Except I cannot stop. I find myself too keen to catch the woman stepping through the night. I can see her stretching on her toes to kiss the cheek and ear where just a while ago Mr. Quill almost pressed his lips. I can see her kneading all her husband’s muscles and his joints, to drive away the stiffness and the pain of three nights hanging on the cross. I can see her taking from a wrap a supper she has foraged from the woods—there’s apples there aplenty now, and blackberries, and game. And I can hear them whispering: she’s saying that his sentence is almost half served and that he must endure; she’s saying how our village will be punished for its sins; she’s promising the fire they lit to stake their claim on common ground will be remade and lit again; she’s drawing bows and firing arrows at the night; she’s making love to him.
Mr.
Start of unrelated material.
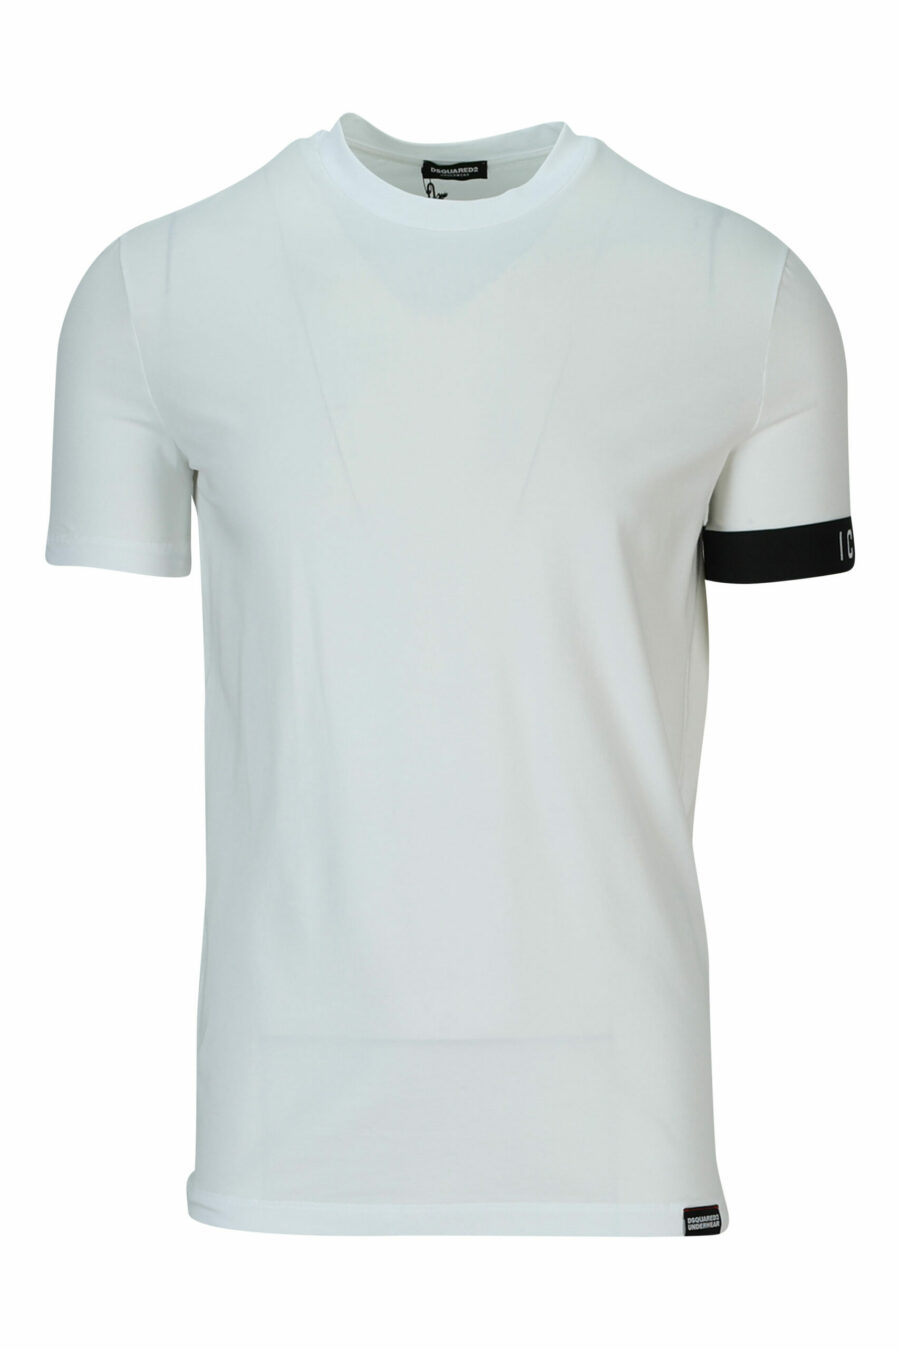 White T-shirt with black logo - 8032674767493 scaled

Quill is silent too. His hands are gripping tightly onto his knees. The moonlight catches us infrequently tonight but when it does I see the paint stains on his fingers and knuckles—some blues and greens, some luster work—and I can tell that apart from his plain
cap he has dressed himself in finer and more gentlemanly clothes than those he wore for me this afternoon. He’s like a decorated strippling at a fair, come to spy himself a girl. We sit like this in brewing silence for a while, busy with conjectures of our own and only lifting our heads slightly whenever we’re disturbed by snapping twigs, a shifting animal, a bat, the hint of footsteps coming close, raised voices from the manor house, and all the usual, rowdy ardors of a fading summer night.
It is, I think, the husband who hears her coming first. The top beam of the pillory rattles, bone on wood, as he tries to turn his shoulder and his head. I do not know if he’s aware that Mr. Quill and I are sitting only twenty paces from his back. I do not know what Mr. Quill has said to him or what arrangements they have made, if any. I wouldn’t be surprised if Young Beldam (he has a name of sorts, at last) calls out to her. A warning. There are other men about, he’ll say. Best run. But he says nothing, only whistles lightly, no more than the whistle of a breeze. I think he wants to let her know, as she comes close, that he still has breath in his lungs. She will not find another corpse.
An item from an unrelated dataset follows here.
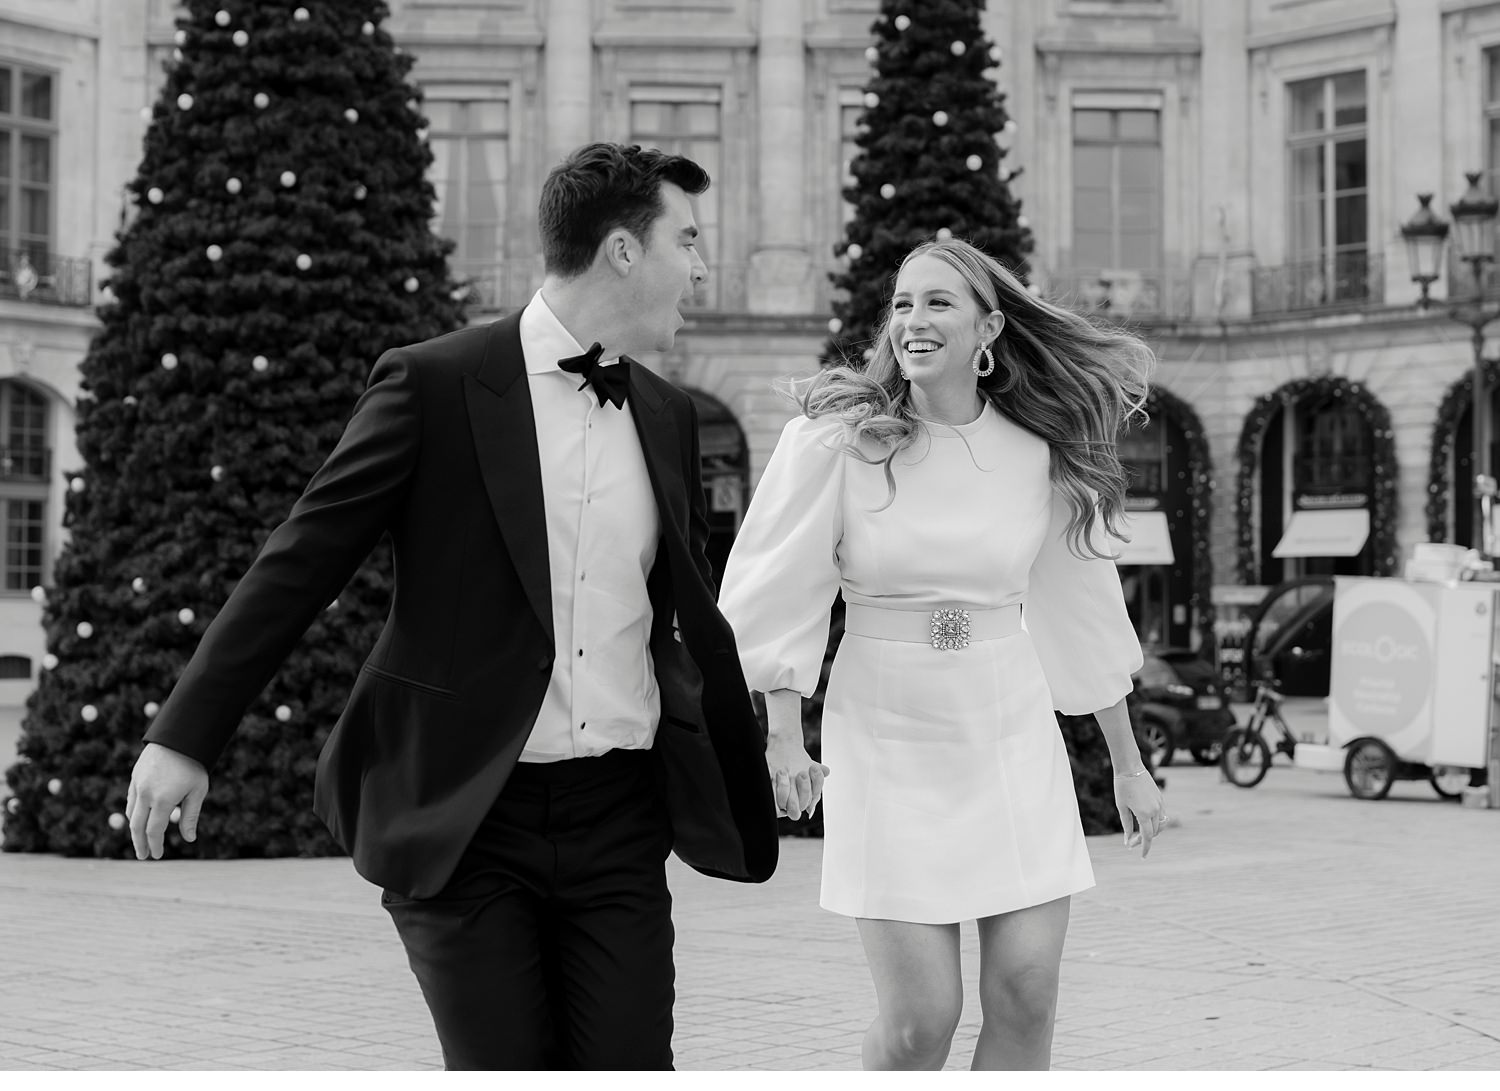 Christmas elopement in Paris, elope to paris, Claire Morris Photography, wedding photographer paris, elopement photographer paris, winter wedding paris,

Mr. Quill touches the back of my hand with a single finger and lifts his chin to point toward our left, where beyond our tumble of stones the church ground falls away a little into a ditch backed by thorn scrub and sore-hocks and, then, the groping nighttime silhouette of trees. He cocks his head. I do the same, until I hear the rustling. It could be another roaming pig, come to feast on someone else’s shins, but it’s too delicate and purposeful.